Michel Munger
Argent
Le géant des communications Rogers (RCI.B) ferme huit sites Web, dont plusieurs rattachés au portail Branchez-Vous, abolissant une vingtaine d'emplois.
Chez Branchez-Vous, les marques touchées sont Info Matin, Info Techno et Showbizz.net. Les sites Sweetspot.ca et Canadian Parents font aussi partie des compressions.
Les sites Web disparaissent parce que leur contenu ne peut pas s'intégrer suffisamment au reste du groupe, explique Manon Leduc, porte-parole de Rogers Media.
«Malheureusement, les sites qui sont des joueurs solitaires ne font plus partie de la stratégie, précise-t-elle. Rogers veut concentrer son attention sur le multiplateformes et l'intégration, avec les marques existantes.»
Rogers n'abandonne toutefois pas complètement BV Media, maison-mère de Branchez-Vous acquise pour 25 M$ en 2010. Elle conserve son réseau, ses actifs et son effectif de ventes.
Si l'on relit l'annonce faite en 2010, Rogers indiquait que «BV Media possède une vaste gamme de solutions publicitaires que nous intégrerons à notre actuel éventail de produits touchant les médias numériques».
«La décision ne nous empêche pas d'investir au Québec», assure toutefois Manon Leduc.

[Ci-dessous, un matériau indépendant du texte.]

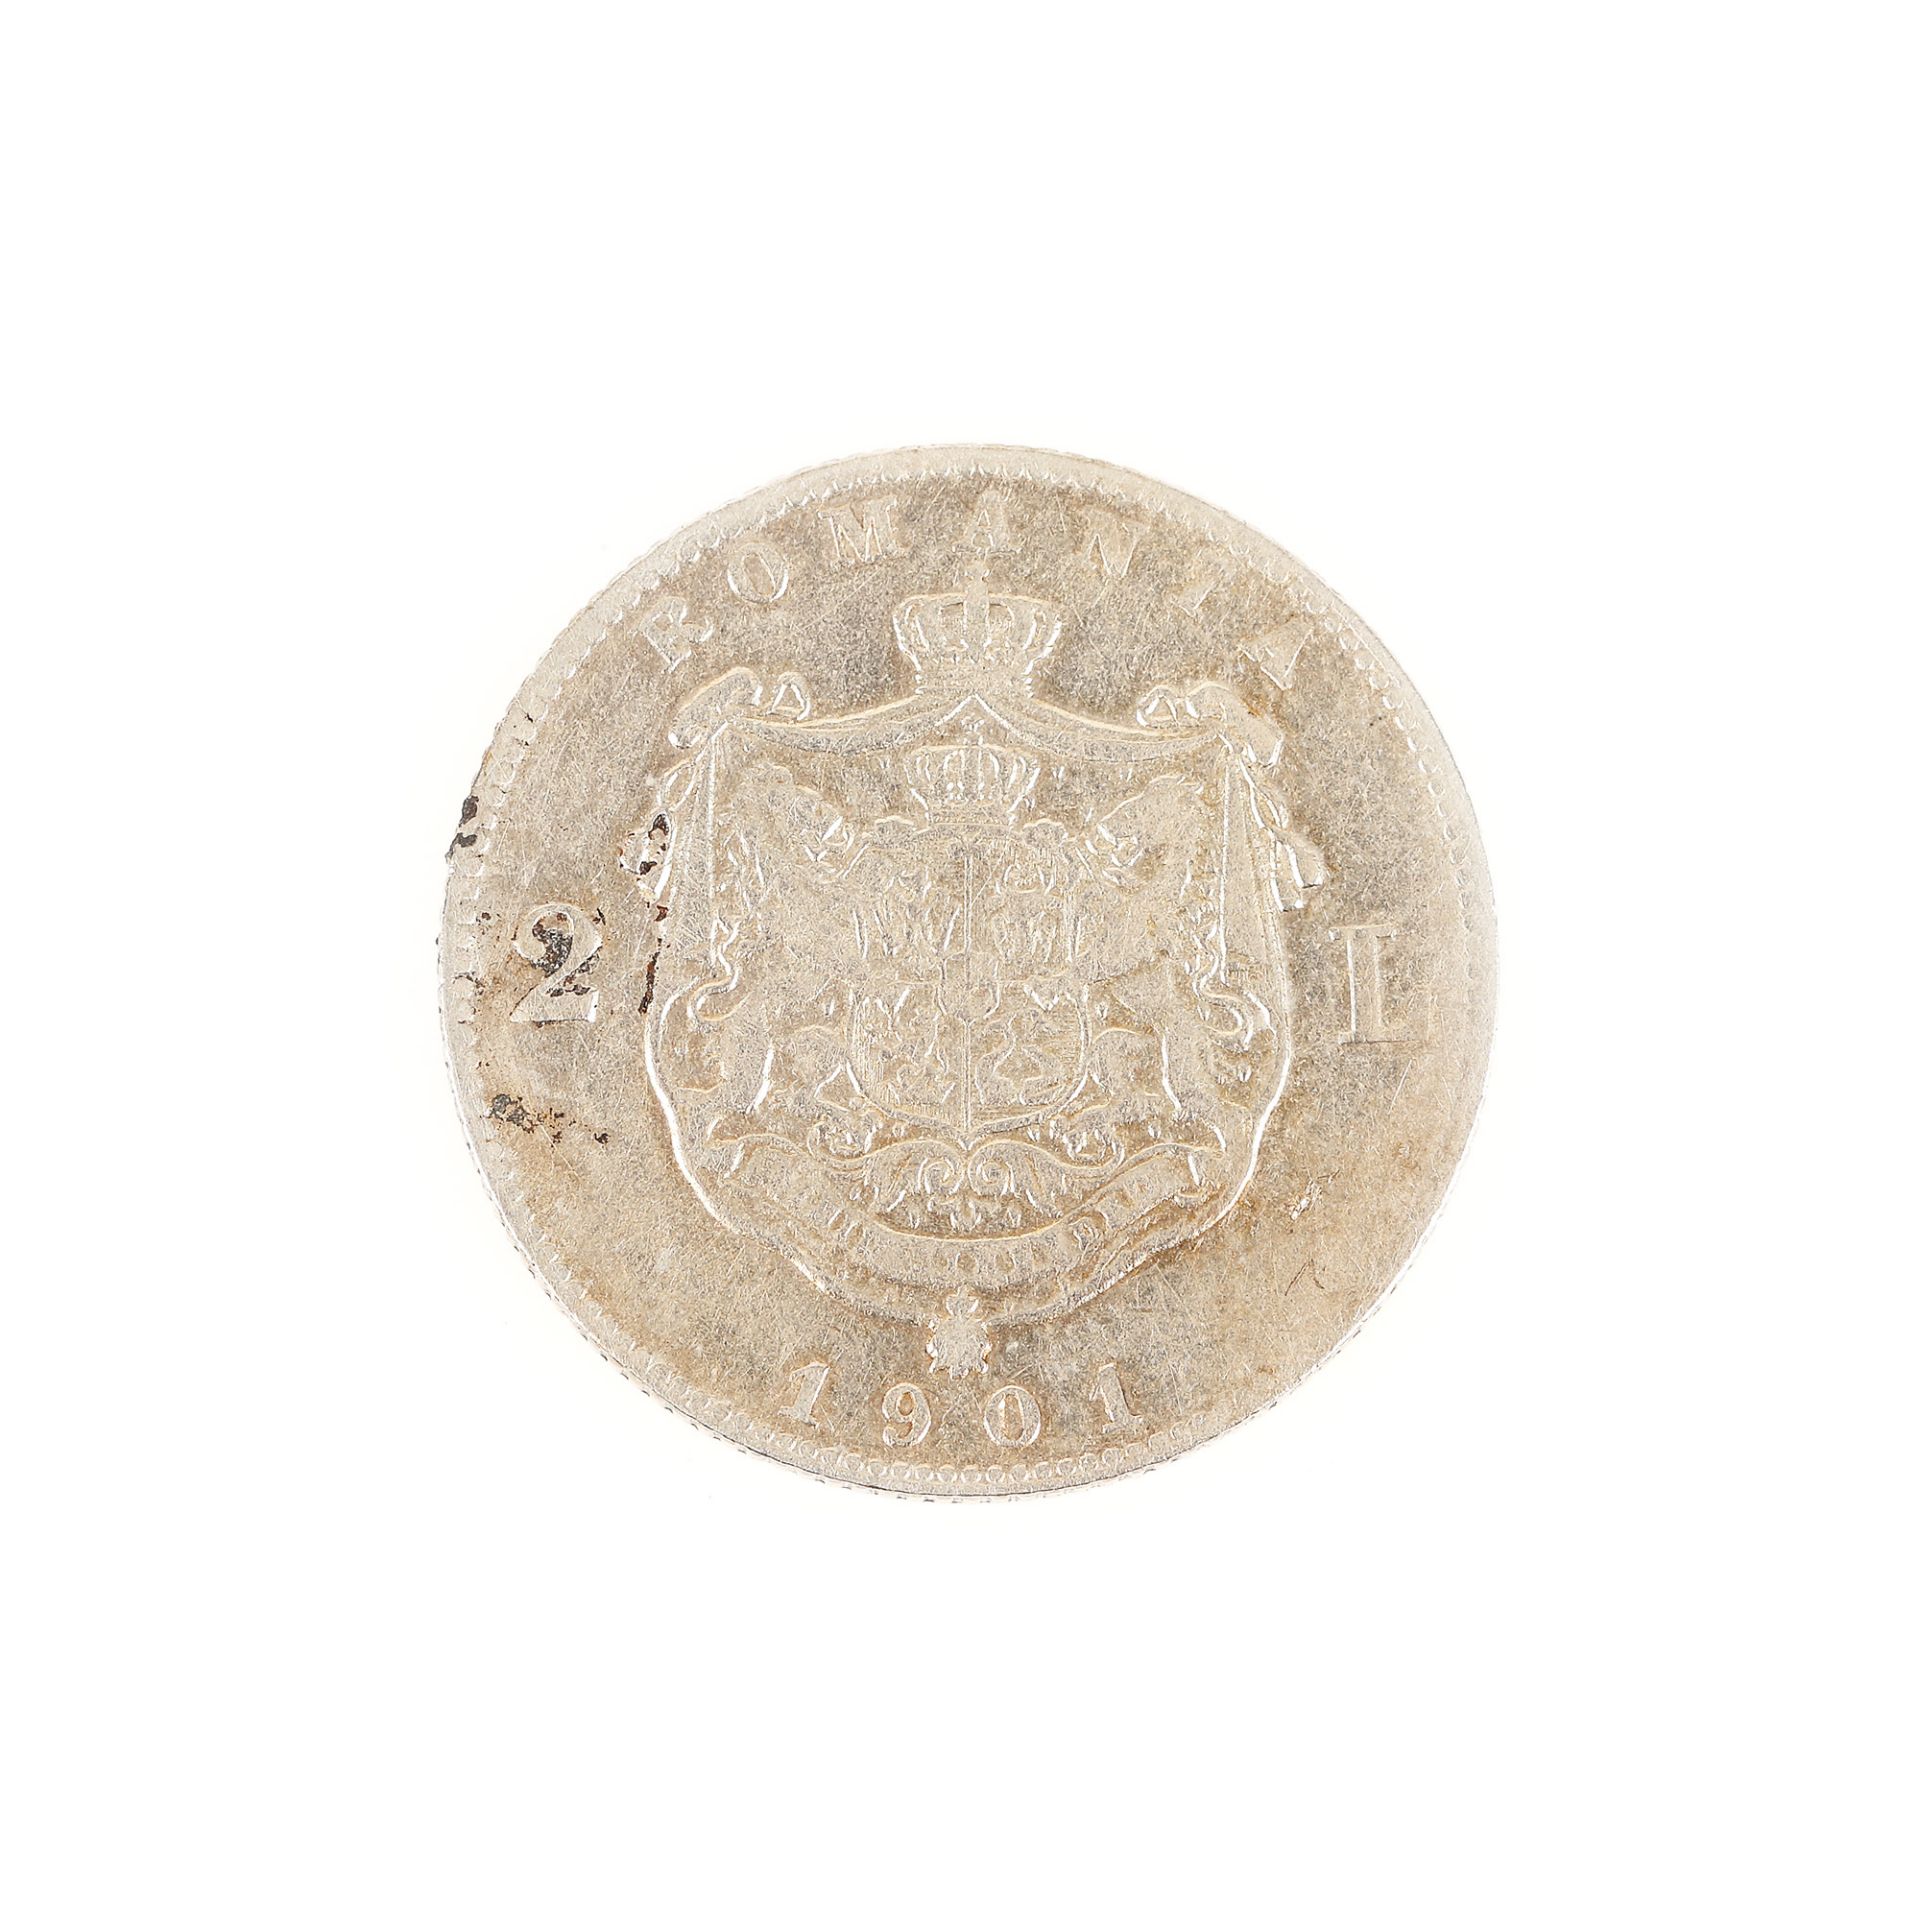 2 Lei 1901 coin, silver
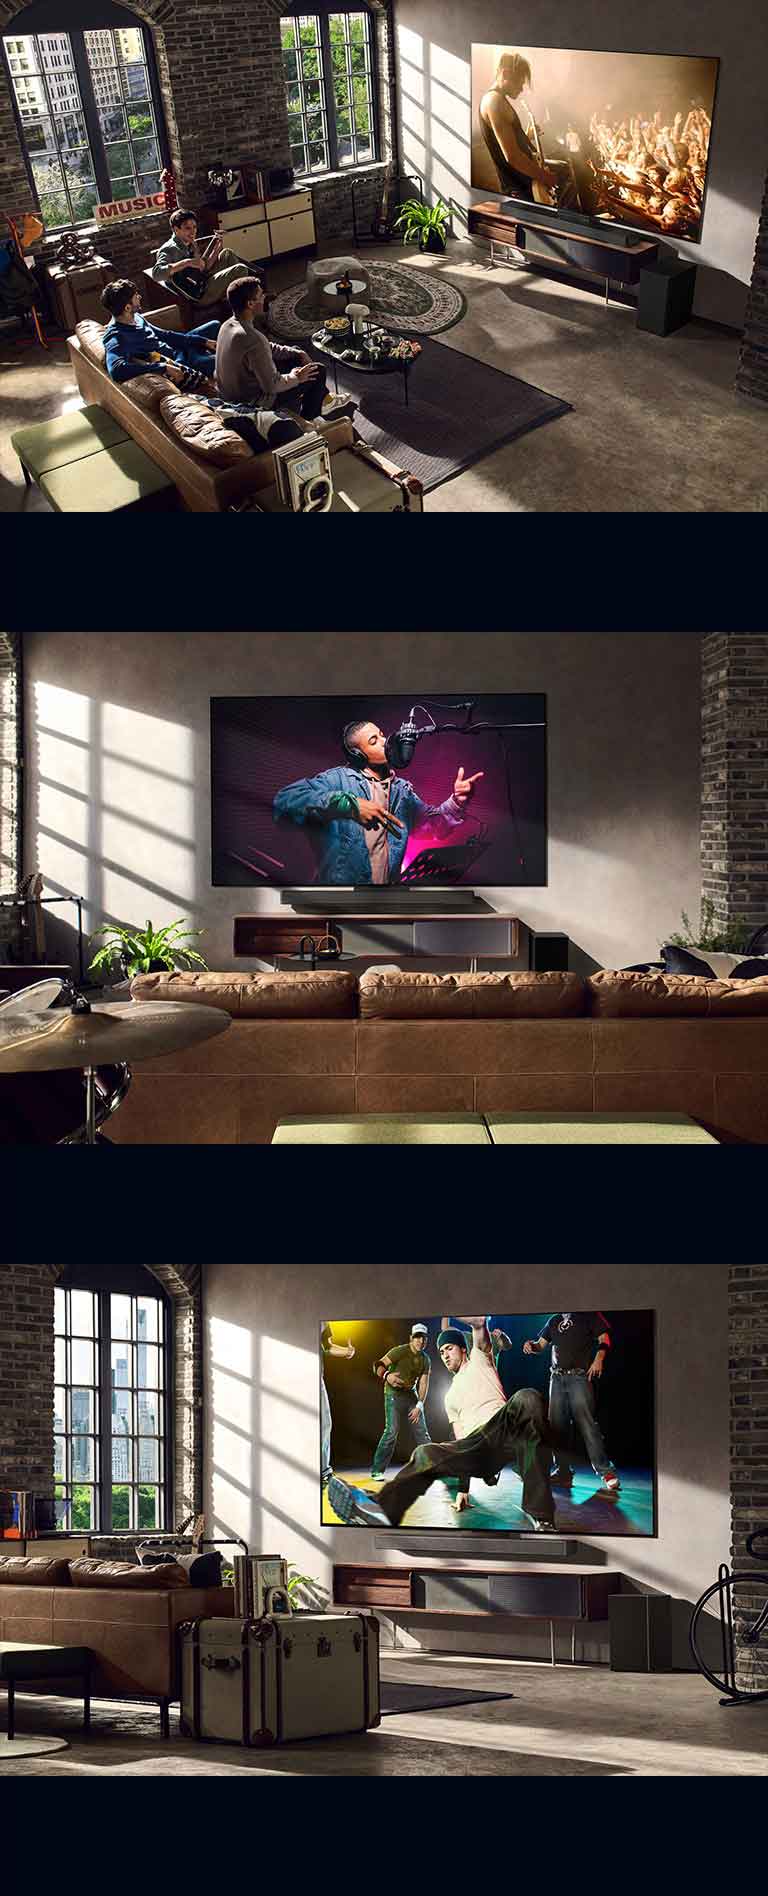 Pokazane są trzy obrazy przedstawiające życie codzienne. Od góry: trzej mężczyźni oglądają koncert na wideo w salonie. Na ścianie wisi telewizor LG wyświetlający scenę z nagrania muzycznego i telewizor LG na ścianie przedstawiający scenę tańca pokazaną pod kątem.

Mme Leduc affirme que l'entreprise tentera d'offrir de nouveaux postes à la vingtaine de personnes touchées. «Ce sont des employés extraordinaires et nous cherchons à les replacer.»
D'autre part, les sites de Branchez-Vous avaient recours à plusieurs rédacteurs pigistes qui voient un autre débouché disparaître.
Peu rentable
La diffusion de contenu sur Internet est une activité difficile pour tout le monde, soutient Daniel Giroux, secrétaire général du Centre d'étude des médias de l'Université Laval.
«La publicité ne se vend pas de la même manière que chez les médias classiques, rappelle-t-il. Le commanditaire paie seulement pour les pages vues. D'autre part, un média spécialisé est intéressant pour le lecteur, mais il est difficile de trouver des annonceurs si le public visé est trop restreint.»
De plus, M. Giroux indique que la division Rogers Media est difficile à rentabiliser pour le géant des télécoms. «Un grand média peut s'appuyer sur des journalistes qui font aussi autre chose, comme de l'imprimé ou de la télé. Ils peuvent se permettre d'attendre qu'un site fasse ses frais.»
Le ton a changé sur Internet, qui était vu comme un eldorado dans les années 1990, signale l'analyste Claude Thibodeau. «Le buzz a déjà été dans la création de portails mais ce n'est pas encore l'avenir. La Presse peut faire vivre Cyberpresse mais l'inverse n'est pas vrai.»
La diversification à outrance des groupes de médias n'a pas été un succès non plus, ajoute-t-il. «Par exemple, Cogeco a déjà été dans l'édition et la télévision mais aujourd'hui, elle se limite au câble et à la radio, ciblant ce qu'elle fait de mieux.»
Selon M. Thibodeau, les géants intégrés gèrent avec l'œil sur la rentabilité... et l'assouplissement attendu des règles de propriété pour les médias par le gouvernement fédéral.
«Je suis convaincu que plusieurs entreprises, dont Rogers, font le ménage en se disant qu'elles auront peut-être des courtisans qui exigeront de l'ordre dans les activités», conclut-il.